Some commonly used shapes are circles, squares, and diamonds; diamonds are the most popular shapes because of how well the shape absorbs energy and resists mechanical deformation after installation. Other design considerations are the size and angles of the shapes, which will also affect how well the metal absorbs energy and where the energy is spread throughout the expanded metal.

For the diamond shape, there are at least four different angles that come into account, the two acute and two obtuse angles. The larger the angles, the less strength the shape will have because there would be too much space inside the shape.
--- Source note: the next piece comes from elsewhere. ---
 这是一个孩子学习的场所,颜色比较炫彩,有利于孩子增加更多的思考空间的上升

However, if the angles are too small, strength is lost because the shape is too close together, so there is no space for the structure to hold.
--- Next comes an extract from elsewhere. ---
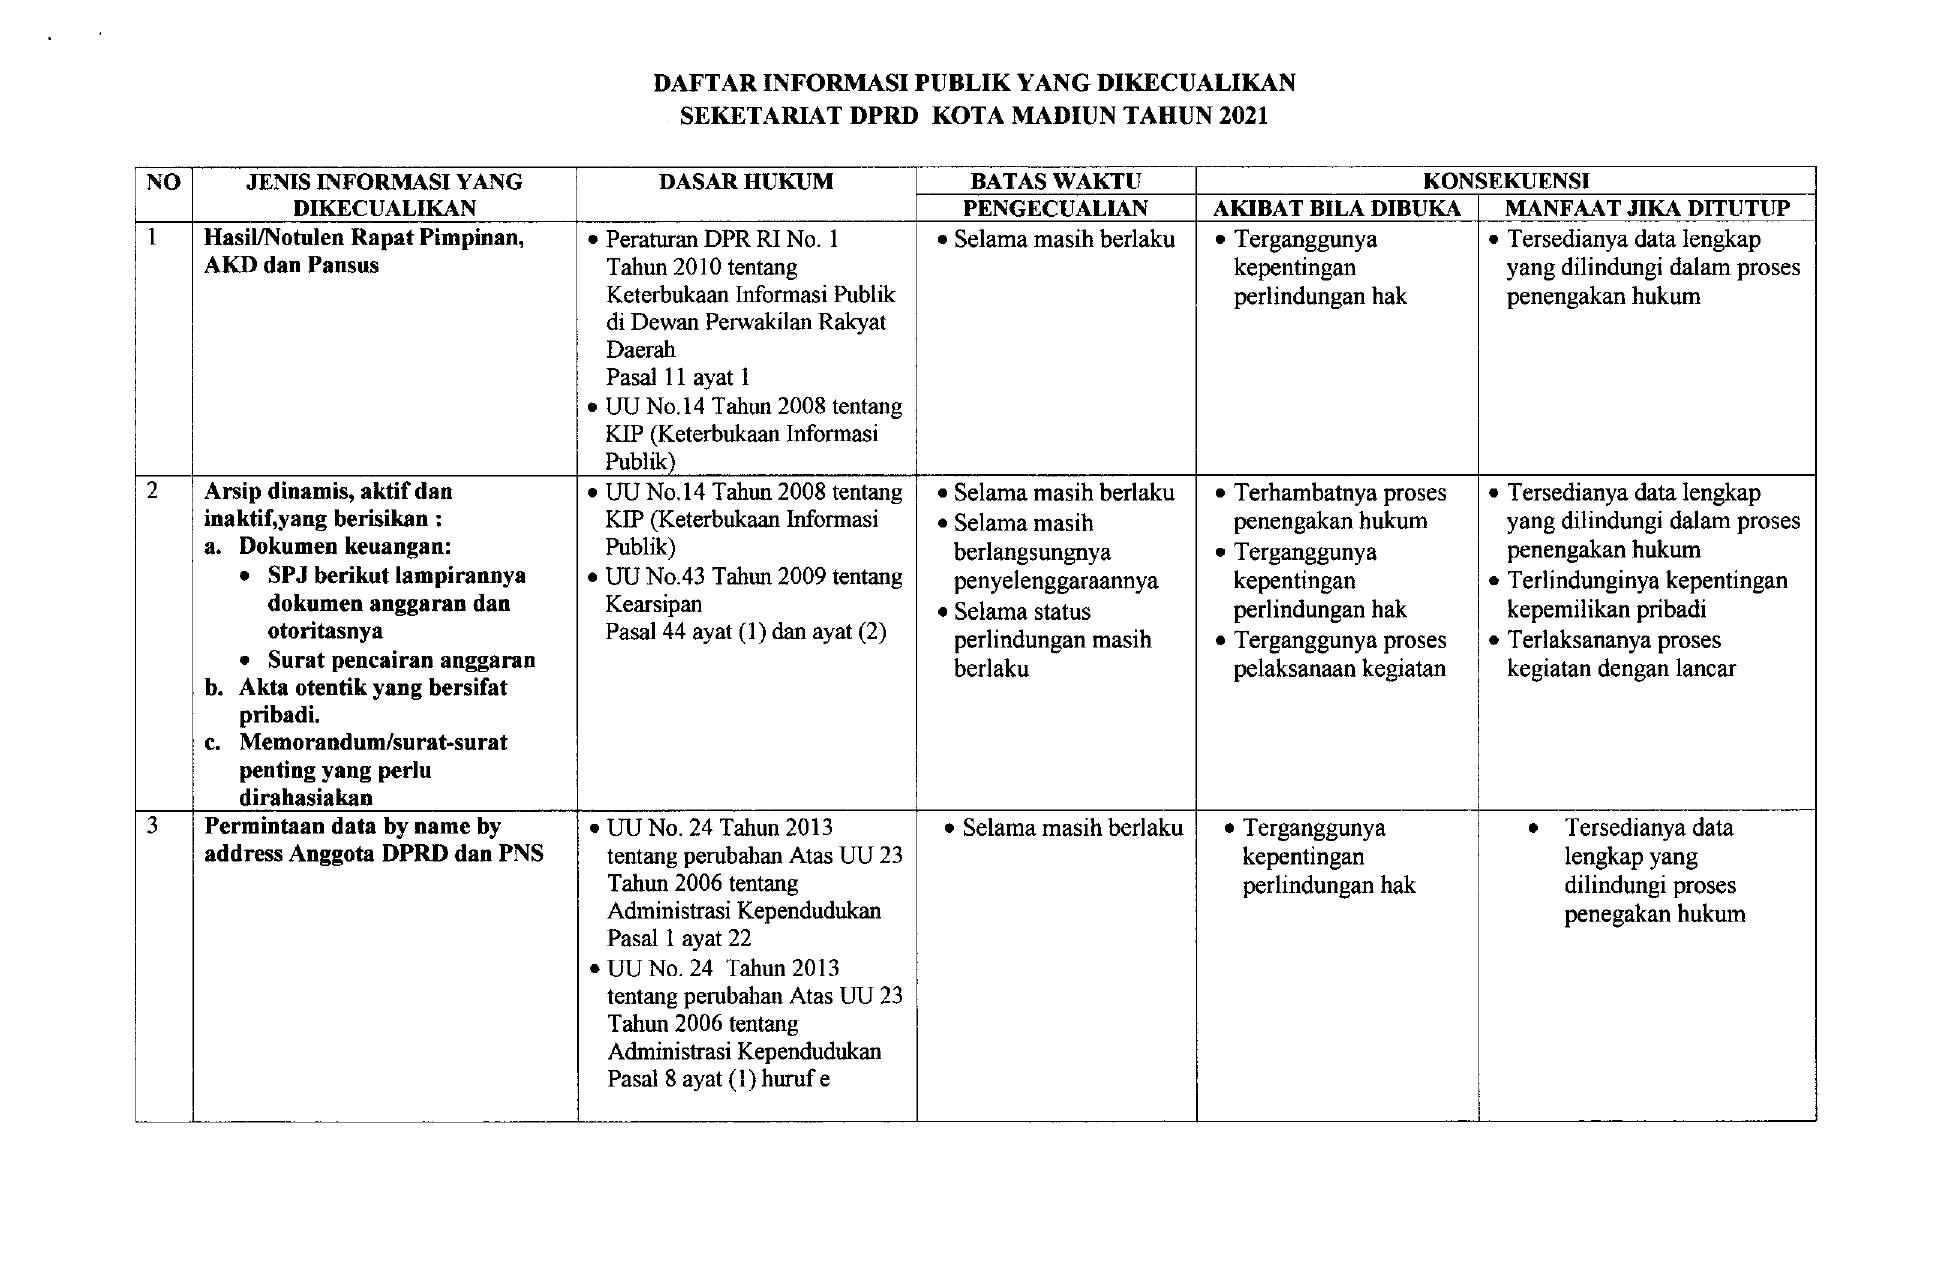 DAFTAR INFORMASI PUBLIK YANG DIKECUALIKAN SEKRETARIAT DPRD KOTA MADIUN TAHUN 2O21

The angle in which the shapes are laid also plays a significant role. If the angle is zero, the ends of the shape point to the start and the end of the sheet, making straight lines across the sheet of diamonds. This option provides the most strength when it comes to compressing the sheet on its side. This can even take more pressure than a solid piece of metal because the sheet will compress and spread the pressure throughout the sheet. The other four commonly used angles are 60°, 90°, 90° plus 60°, and 60° plus 90°. A 60° angle puts the diamond diagonal at the start and end to the sheet. A 90° angle makes the diamond vertical to the start and the end of a sheet. The 90° plus 60° and 60° plus 90° angles combine both a 60° angle and a 90° angle; the order of the angles is respective to the order in naming.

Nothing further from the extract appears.